Late 20th Century Molten Salt and Concentrating Solar Power

Molten salt thermal energy storage became a key technology for large-scale energy storage in the context of power generation. Modern TES development for power generation began with concentrating solar thermal technologies in the late 1970s. Molten salt systems utilize solar salt as the storage medium. It was first demonstrated in commercial Concentrating Solar Power ("CSP") power plants during the 1990s. The first CSP plant using a molten salt tank TES system was the Solar Electric Generating Station I, built in the USA in 1984 (decommissioned in 1999). It had 13.8 MW capacity and 3 hours of storage. In 2008, the Andasol 1 plant in Spain was commissioned as the first large-scale application of this technology, achieving a storage capacity of 375 MWh. By the end of 2021, approximately 27,500 MWh of TES using molten salt tanks was installed worldwide.

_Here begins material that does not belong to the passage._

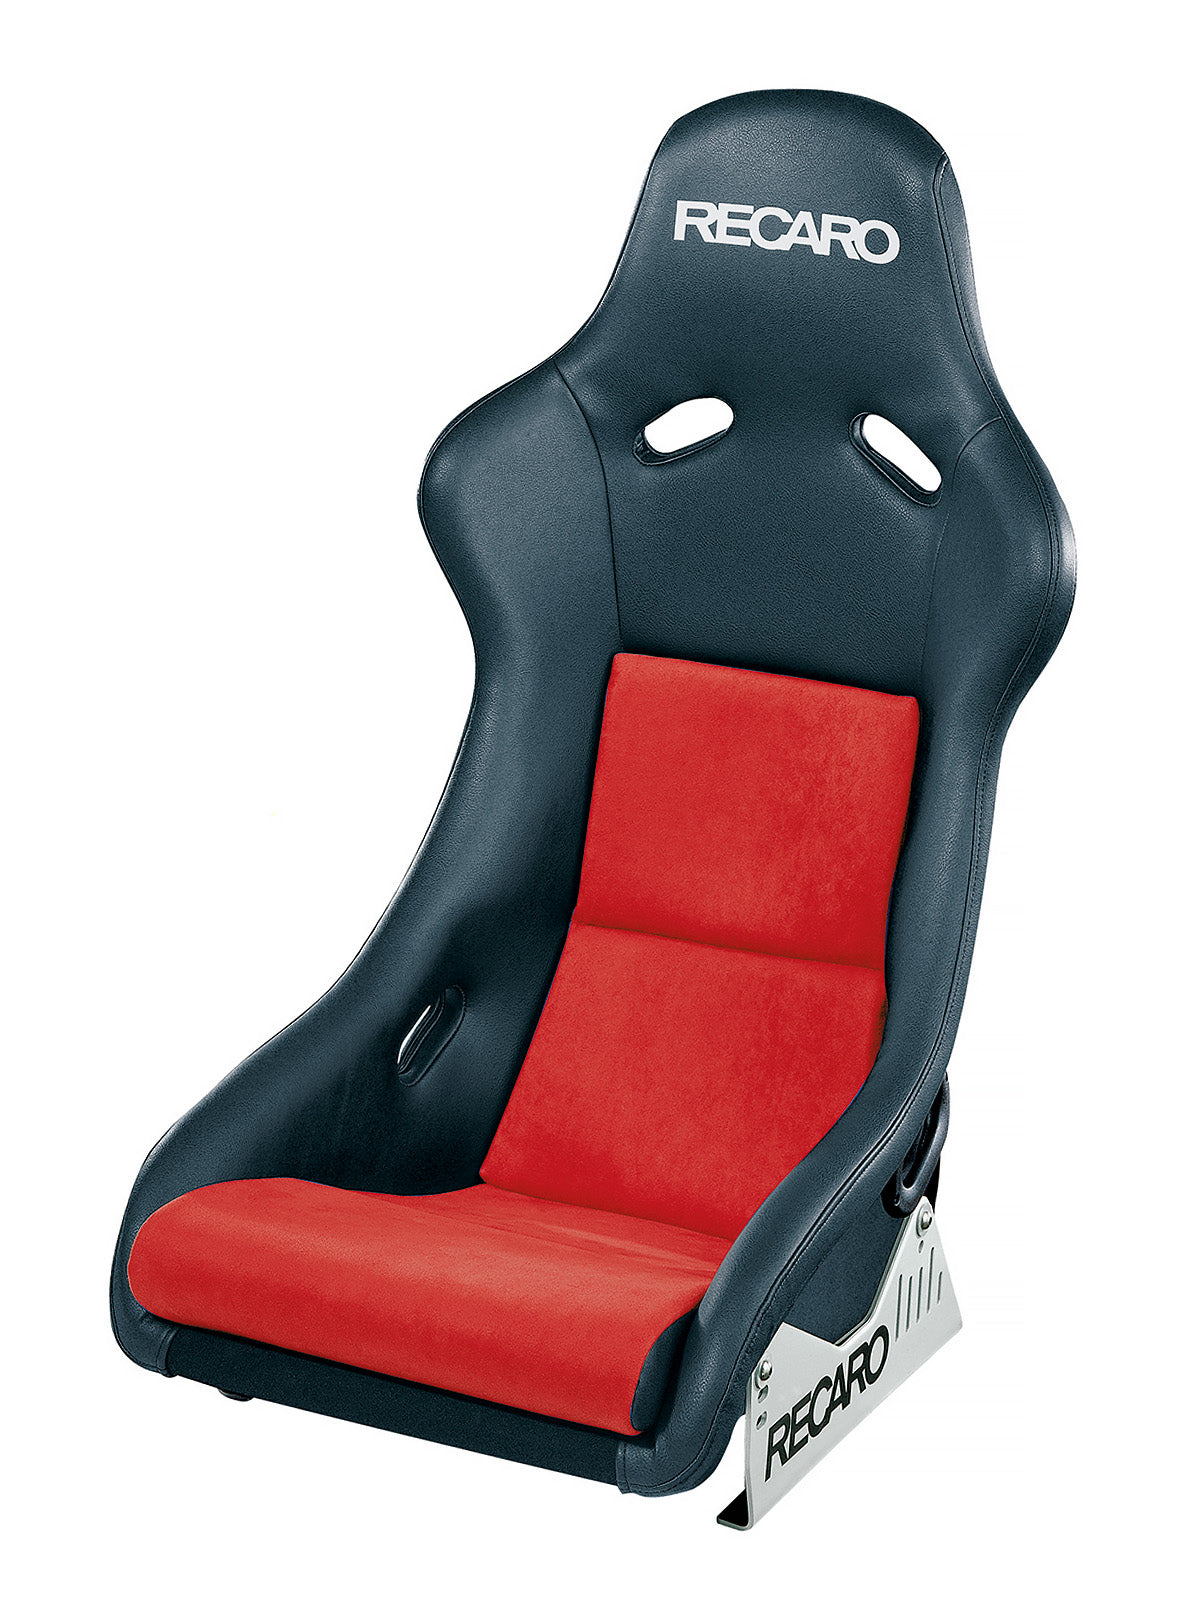 Recaro Pole Position (ABE) Racing Seat

21st Century Electrified and Advanced Thermal Storage

Recent developments have focused on high-temperature solid media and coupling TES with renewable electricity (Electric-Thermal Energy Storage, "ETES"). Sensible heat storage ("SHS") is the most mature and commercialized storage type. Latent heat storage ("LHS") has only been applied to large-scale projects in the last three to five years, while thermochemical storage ("TCS") is still generally at a low maturity level. The concept of Firebrick Resistance-Heated Energy Storage** **("FIRES") was developed to store low-priced electricity as high-temperature heat, specifically for industrial heat or peak electricity production. The intended scale for FIRES is significantly larger than historical applications, targeting hundreds of MWh and peak temperatures up to 1800°C Even before 2018, firebricks storing 10 MWh of heat were deployed in China for commercial complexes and district heating projects. The recent commercialization of firebricks suggests a potential large-scale solution for addressing industrial process heat emissions. The development of sensible heat storage, whether using molten salts or solid materials like firebricks and sand, has consistently moved towards achieving higher temperatures and lower costs, driven by the need to integrate intermittent renewable energy sources and decarbonize heavy industry. This evolution mirrors the strategic shift required globally, moving away from systems constrained by geography (like pumped hydro) or high cost (like conventional batteries) towards versatile, high-capacity TES systems.

Thermal Storage Medium

The thermal storage mechanism refers to the physical or chemical processes utilized to capture, store, and later release energy in the form of heat. TES technologies are broadly categorized into three main types based on how the energy is stored: Sensible Heat Storage, Latent Heat Storage, and Thermochemical Energy Storage.

Sensible Heat Storage Sensible Heat Storage is the most commercially mature and widely deployed TES technology.

Core Mechanism SHS stores thermal energy by raising the temperature of a storage medium (liquid or solid) without causing a phase change in the material. The total amount of thermal energy stored in a sensible heat medium is proportional to its mass, specific heat capacity, and the change in temperature. Storage media selected for SHS, such as firebricks, typically have high specific heats, high densities, and high melting points.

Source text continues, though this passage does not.